§ **DATA SECTION**:
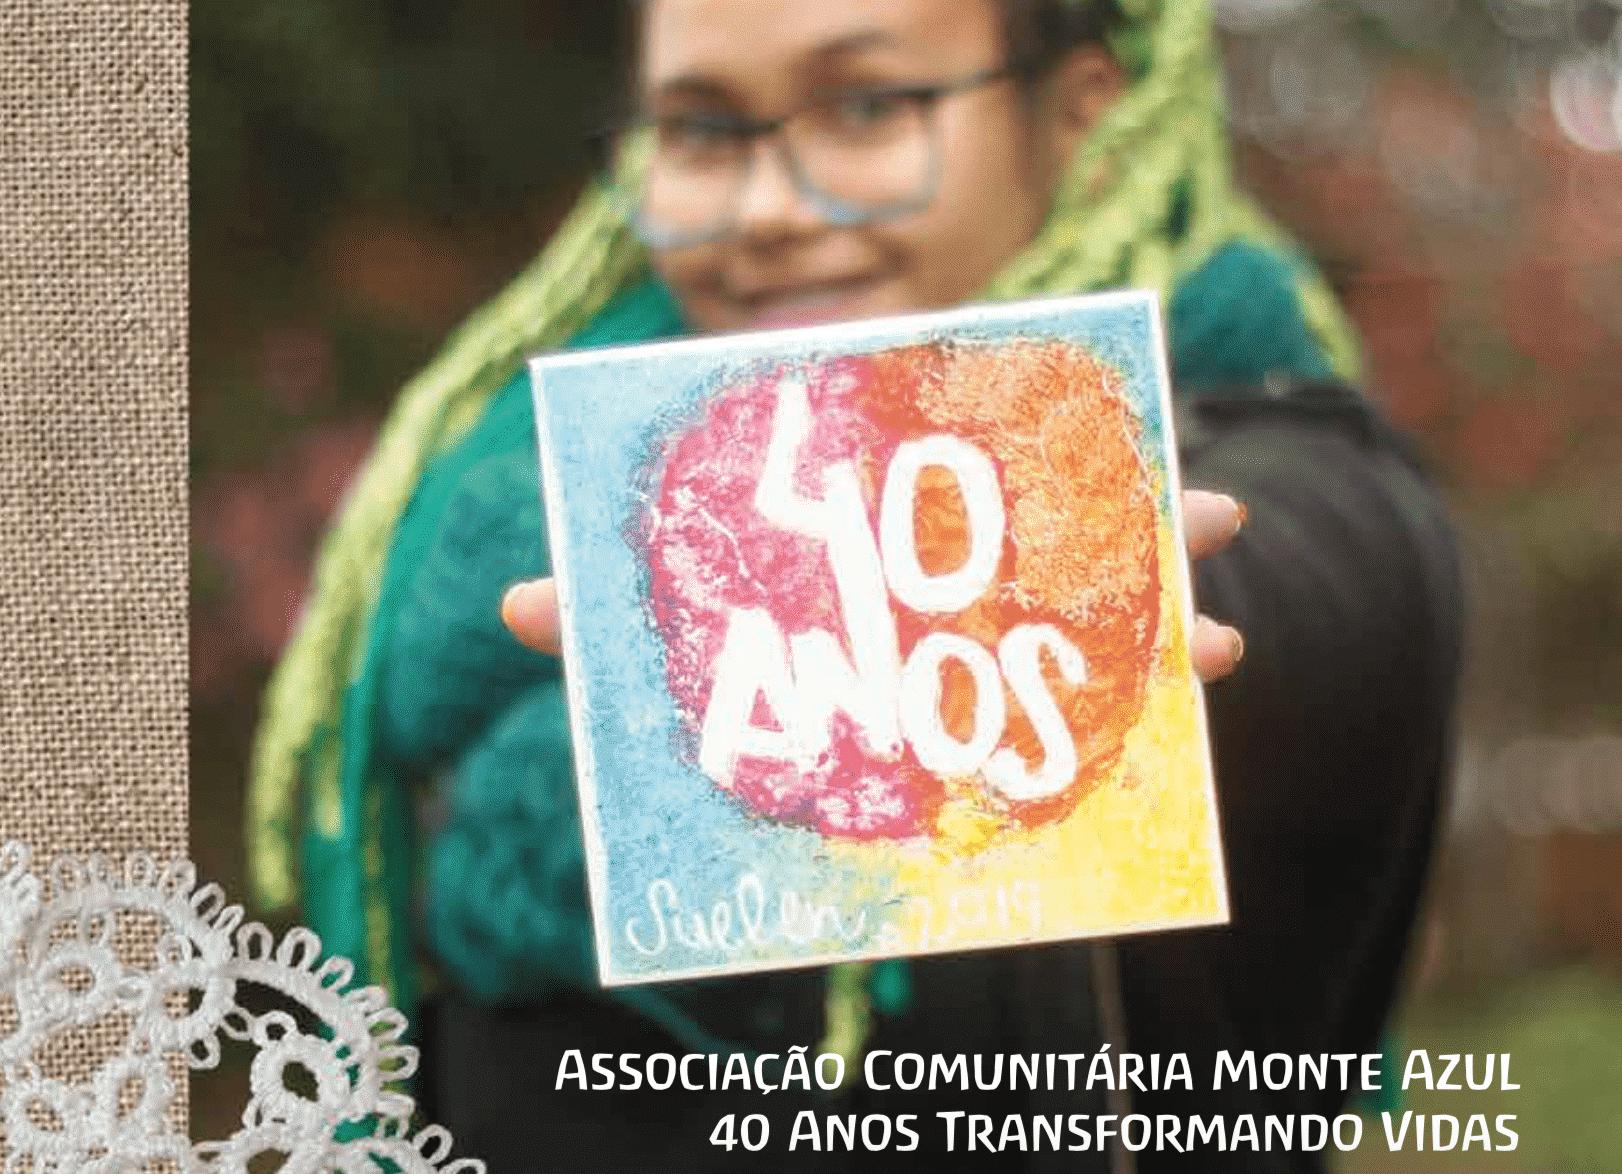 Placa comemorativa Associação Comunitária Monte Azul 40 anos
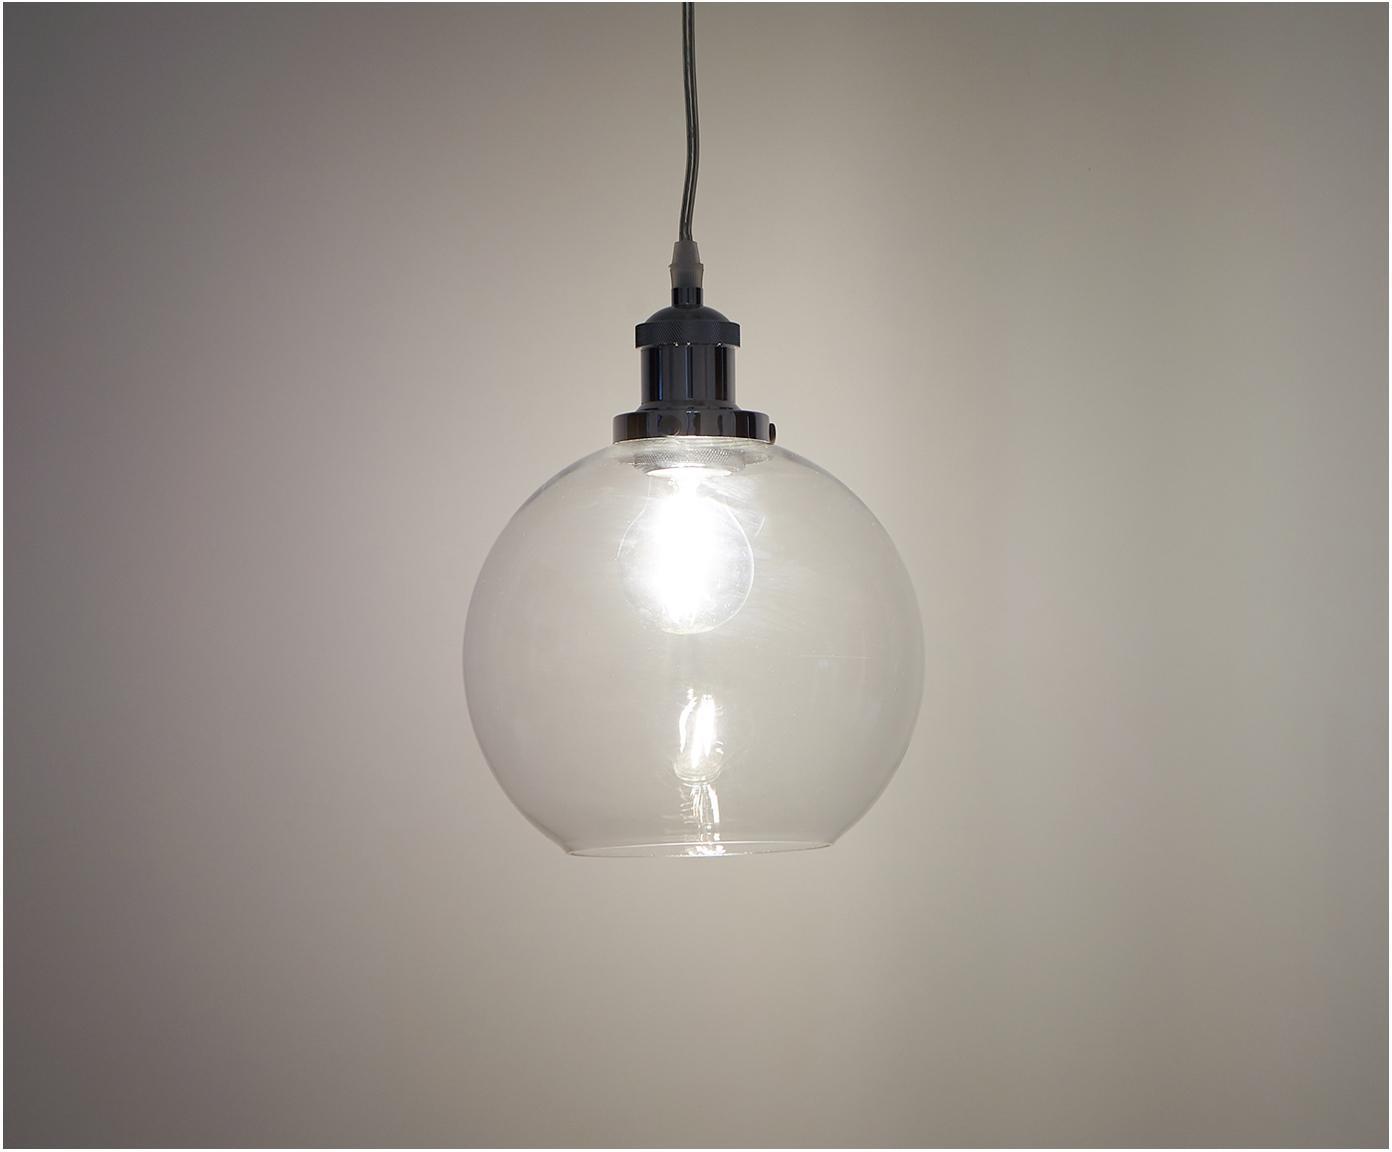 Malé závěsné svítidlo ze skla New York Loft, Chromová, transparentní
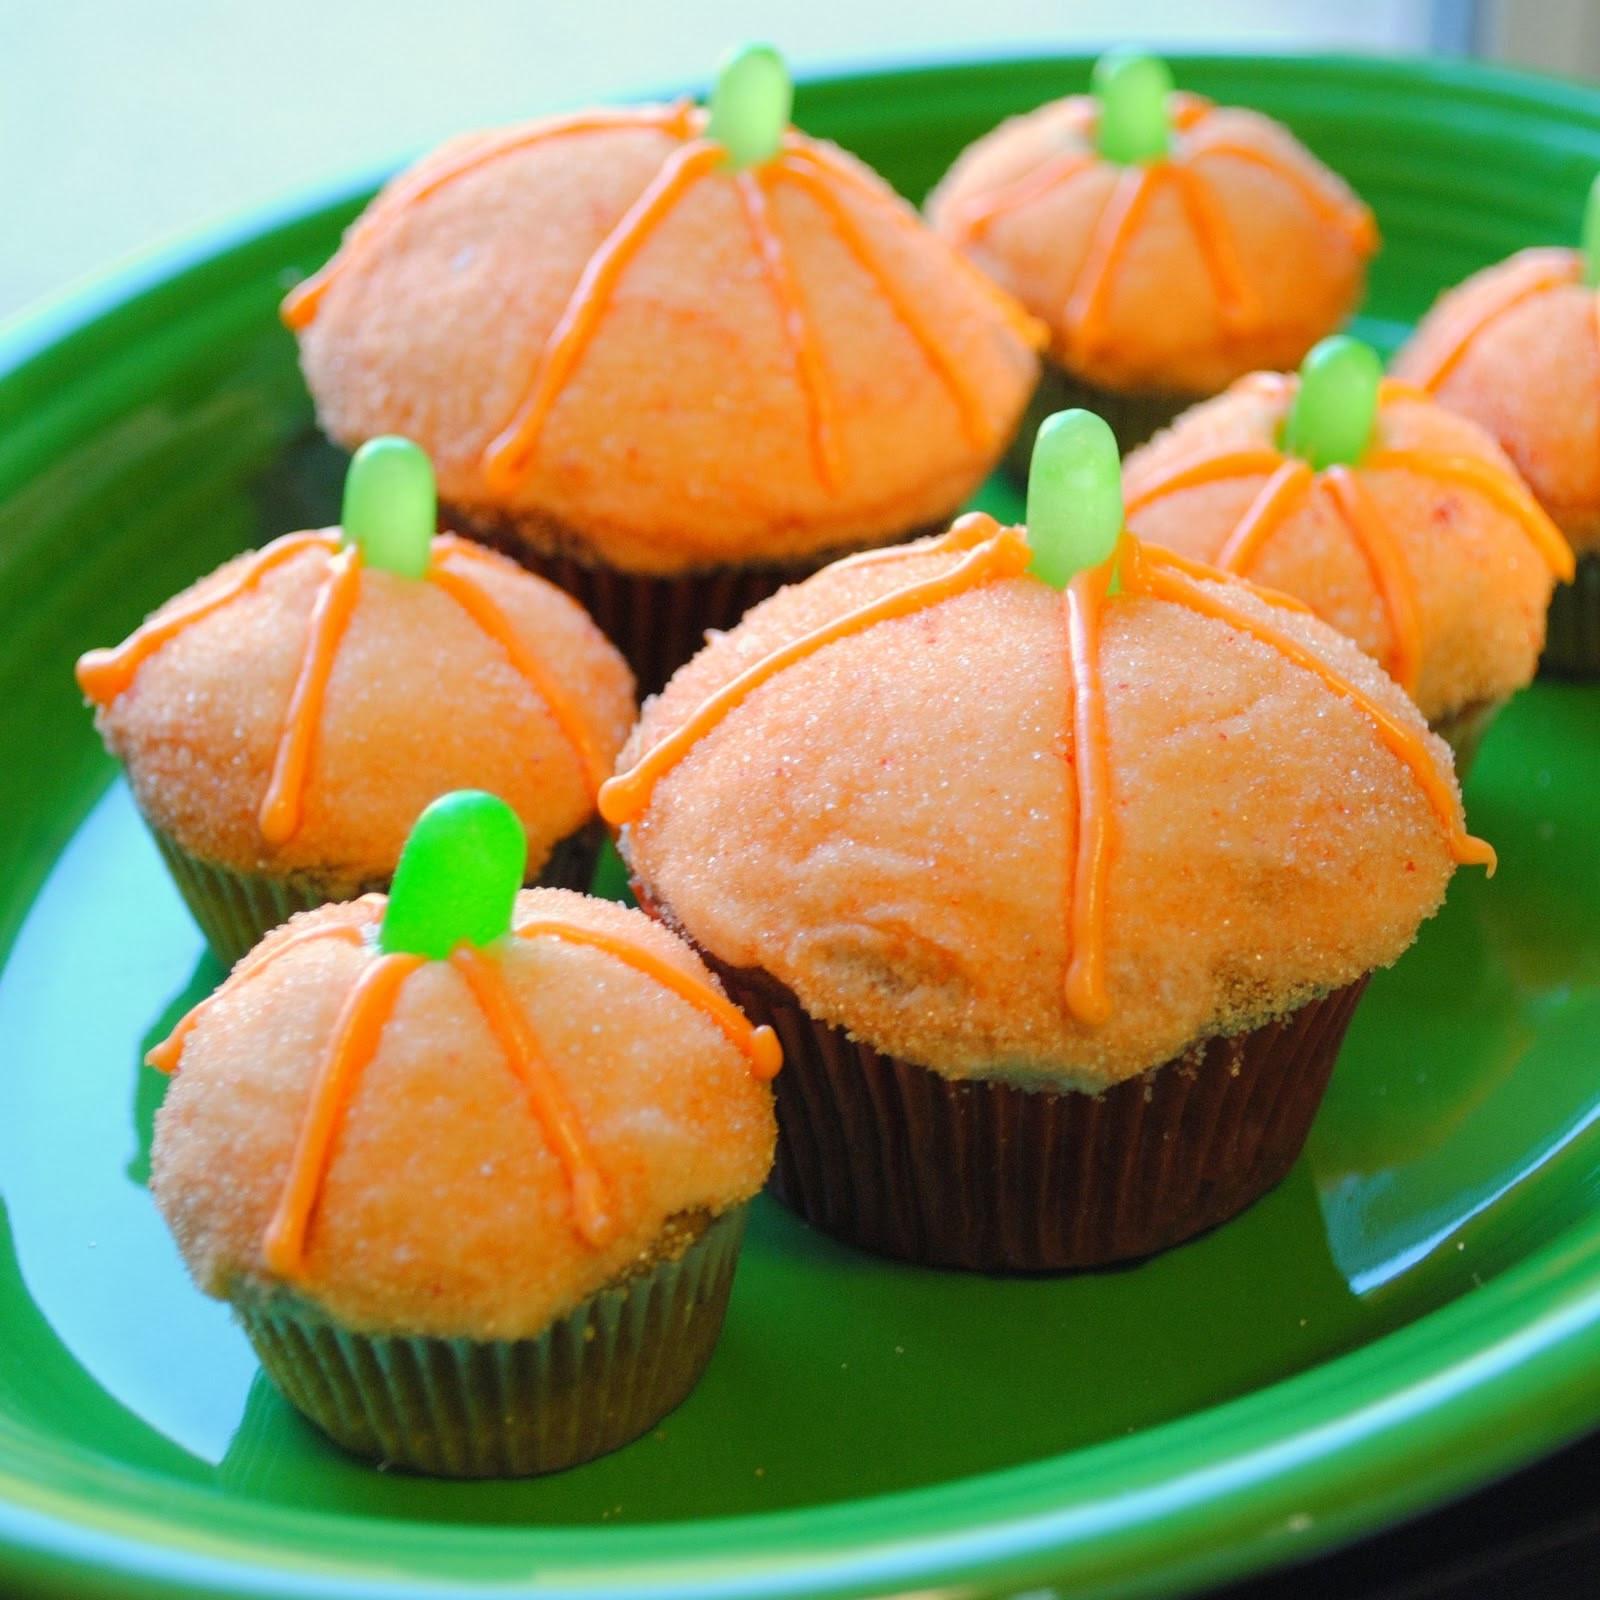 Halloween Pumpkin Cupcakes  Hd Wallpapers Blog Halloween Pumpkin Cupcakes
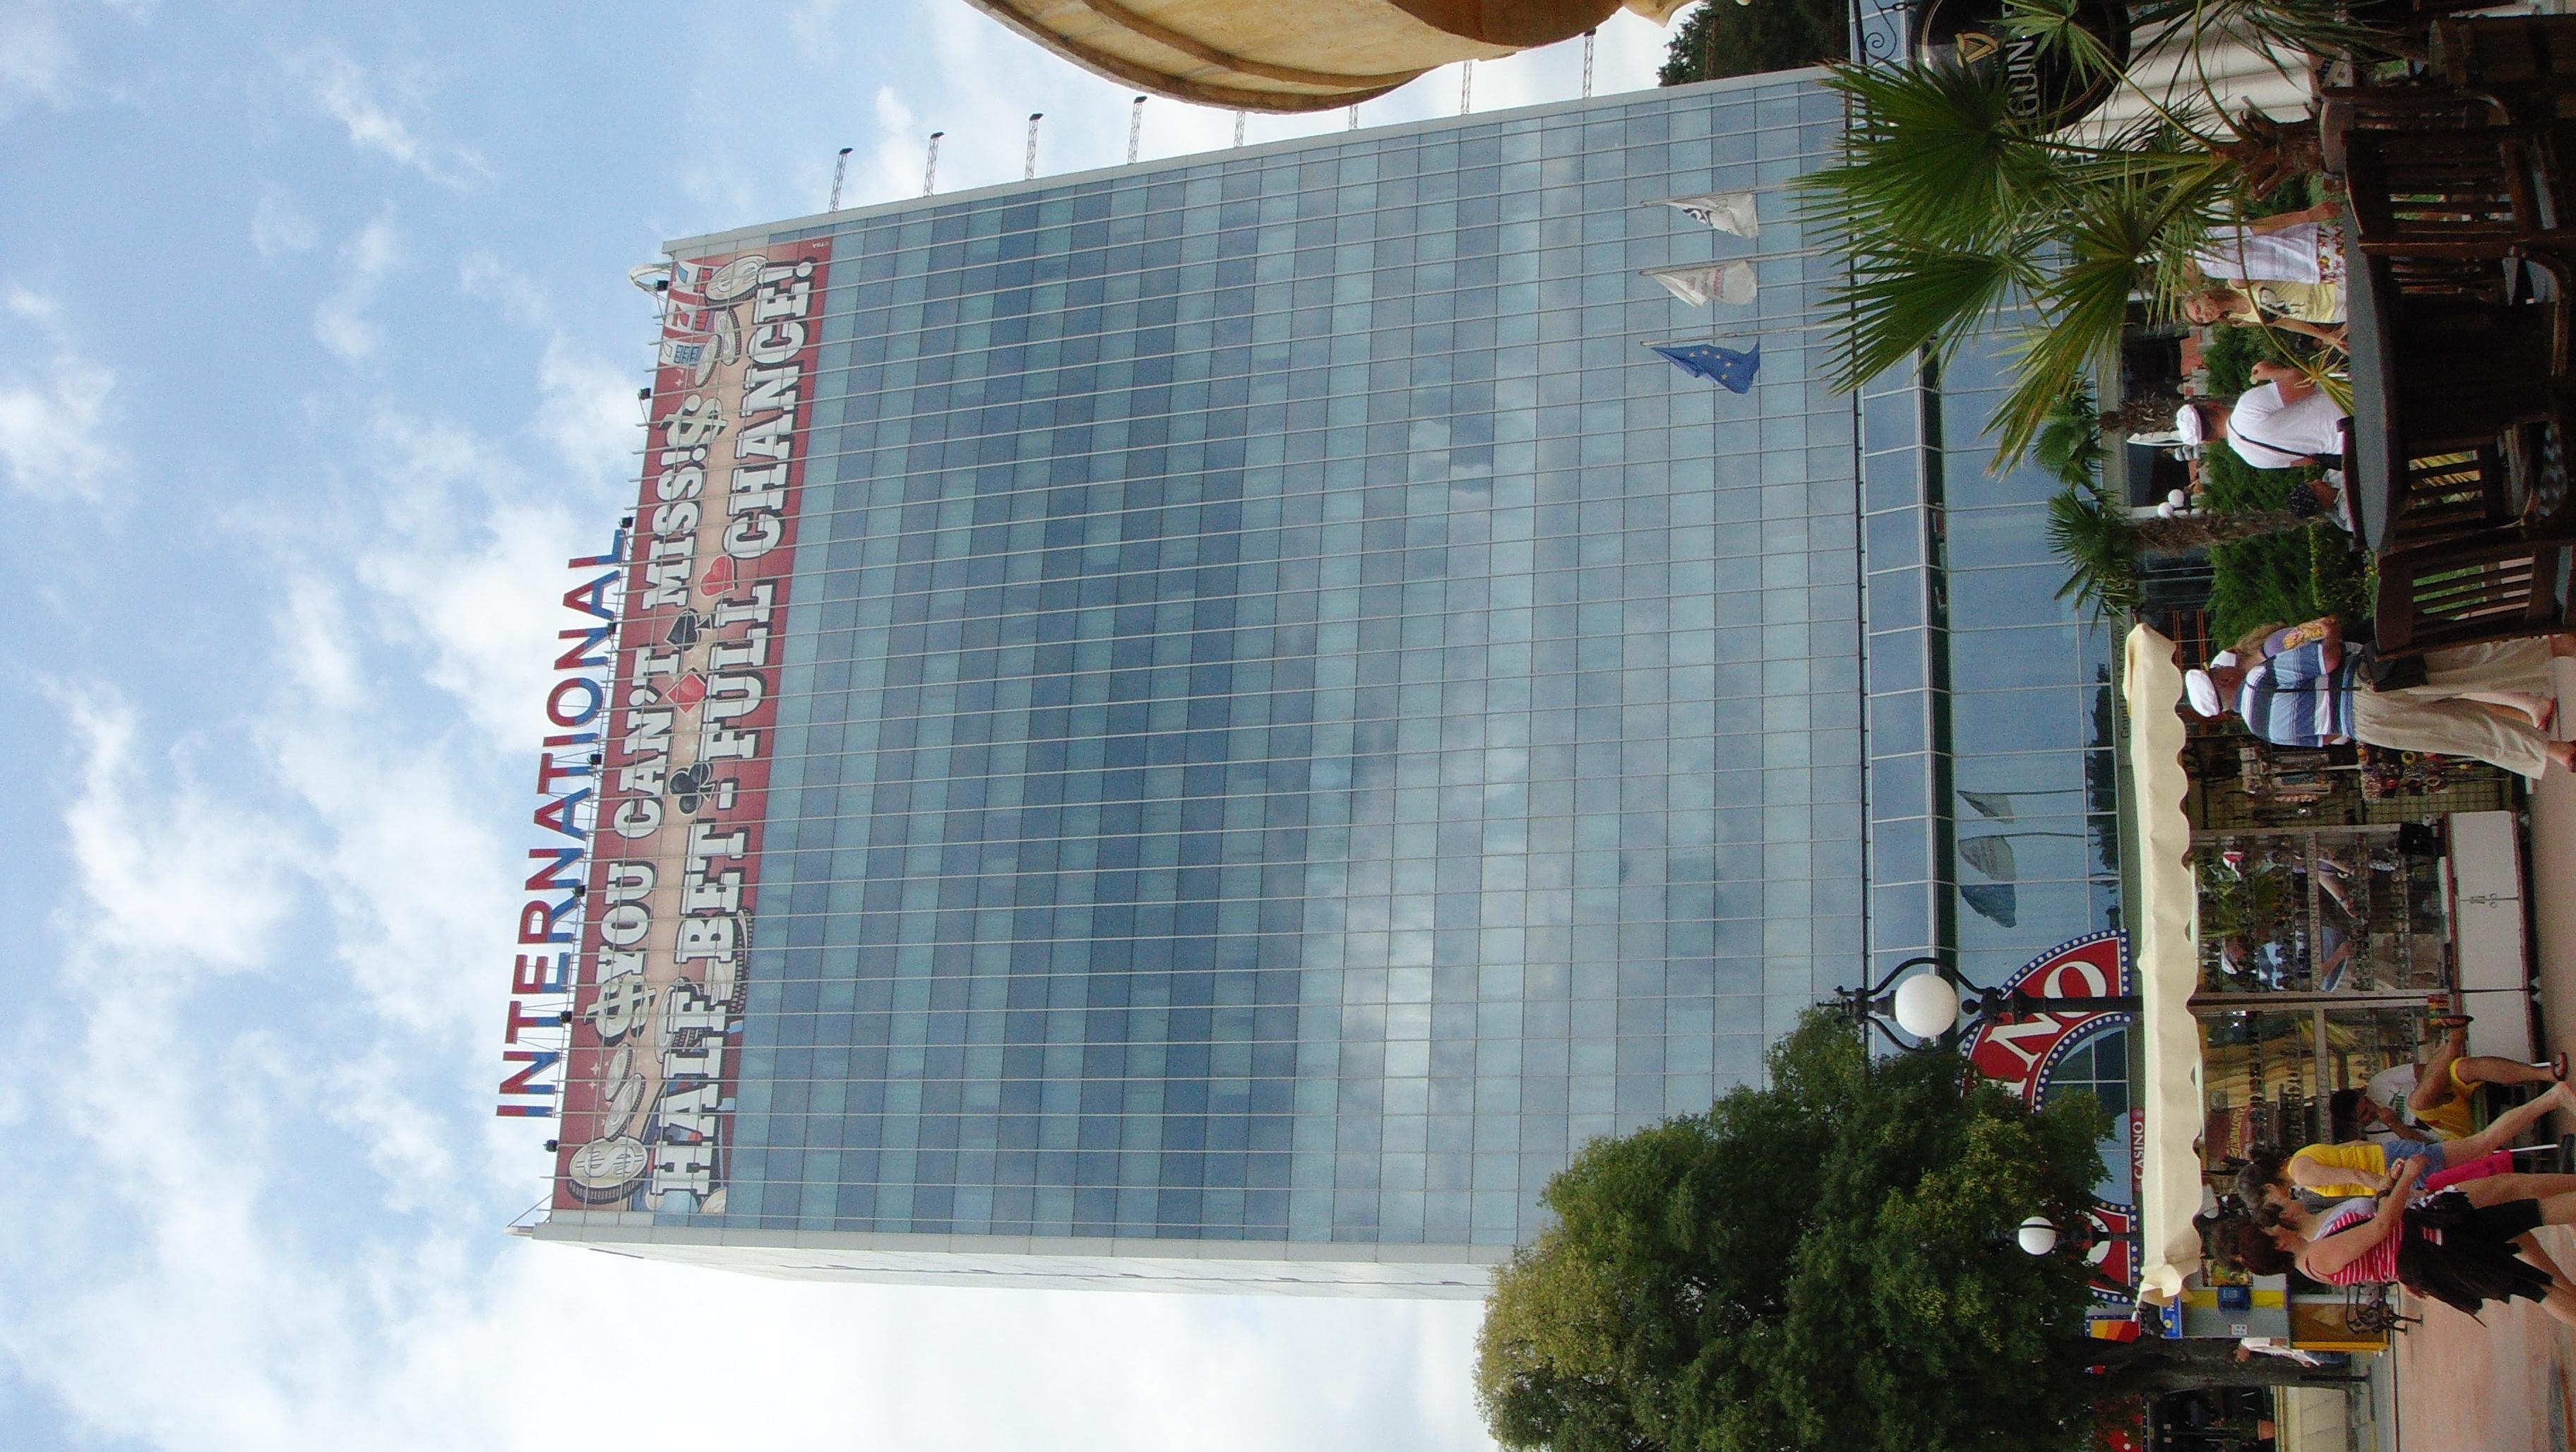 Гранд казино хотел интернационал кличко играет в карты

§ **PROMPT**:
Each line above should be set down exactly as written, with pictures excluded.

§ **TASK ANSWER**:
 Placa comemorativa Associação Comunitária Monte Azul 40 anos
 Malé závěsné svítidlo ze skla New York Loft, Chromová, transparentní
 Halloween Pumpkin Cupcakes  Hd Wallpapers Blog Halloween Pumpkin Cupcakes
 Гранд казино хотел интернационал кличко играет в карты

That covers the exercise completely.